The experimental procedures involving model organisms (rabbits) were performed in accordance with the specified guidelines on the animal care and the use of animals in research, which were approved by the Animal Care and Use Committee of the Jilin University, Changchun, China.

Sample collection

The brain, liver, kidney and eye were collected from 6-month old New Zealand White rabbits and normally fertilized fetuses were collected on Day 22 of gestation. All the samples were immediately stored in the liquid nitrogen till further use. MII oocytes were collected as described in a previous report (Tian et al. 2012). Briefly, sexually mature rabbits were superovulated by injecting six successive intramuscular doses of 60 IU of follicle-stimulating hormone (FSH; from Ningbo Second Hormone Factory) every 12 h and then intravenous injection with 100 IU of human chorionic gonadotropin (hCG; from Ningbo Second Hormone Factory) after 12 h to induce ovulation. The cumulus-oocyte complexes (COCs) were flushed and collected from the oviducts at 13–14 h after the hCG injection. Mature oocytes were isolated from the COCs by 100 IU⁄ml hyaluronidase in M199. The pools of 100 MII oocytes were frozen at −80°C for further use in our study. Sperm were isolated using swim-up procedure. The purity and quality of the isolated germ cells were determined as described by an earlier report (Chen et al. 2014).
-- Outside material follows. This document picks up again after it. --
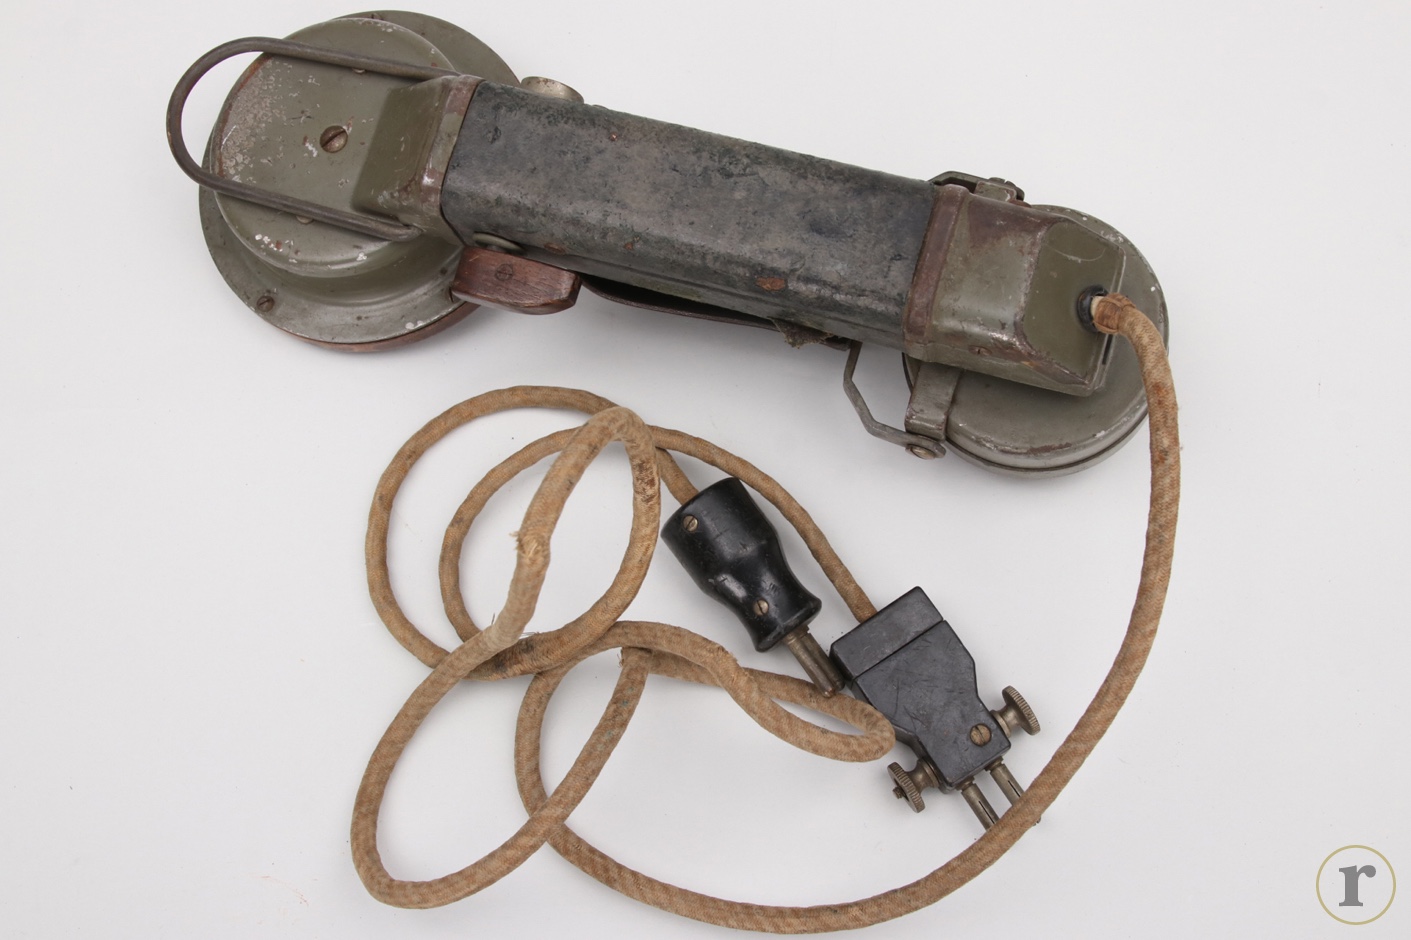 ratisbon's | WW1 German field telephone | DISCOVER GENUINE MILITARIA ...

Reverse transcription PCR (RT-PCR) and qPCR

RT-PCR and qPCR were carried out as previously described (Chen et al. 2014). The primer sequences and PCR amplification conditions are listed in Additional file 1: Table S1. The relative gene expression normalized to the Gapdh was determined by 2−ΔΔCT formula. All gene expression experiments were performed three times. The detection of gene expression was presented as mean ± SEM (n = 6). The data were analyzed using student’s t tests with SPSS 16.0 software (SPSS Inc., Chicago, IL, USA) and p < 0.05 was considered statistically significant.

BSP and COBRA

Bisulfite conversion and COBRA were performed according to previous study (Chen et al. 2014). Briefly, for bisulfite modification, genomic DNA from different tissues and germ cells was treated with the CpGenome™ Turbo Bisulfite Modification Kit (Millipore) and EZ DNA Methylation-Direct TM Kit (Zymo Research), respectively. Primer sequences used for BSP are described in Additional file 1: Table S1. The PCR products were subjected to T vector cloning (positive clones, n = 10) and sequencing analysis, which showed heterozygosity at the (C/T) peak of Nnat. BSP products were also digested by a restriction enzyme BstUI (Thermo Scientific, MA, USA) for COBRA analysis. DNAMAN (LynnonBiosoft) and the online software tools MethOrimer and BiQ Analyzer were used for methylation analysis in this study.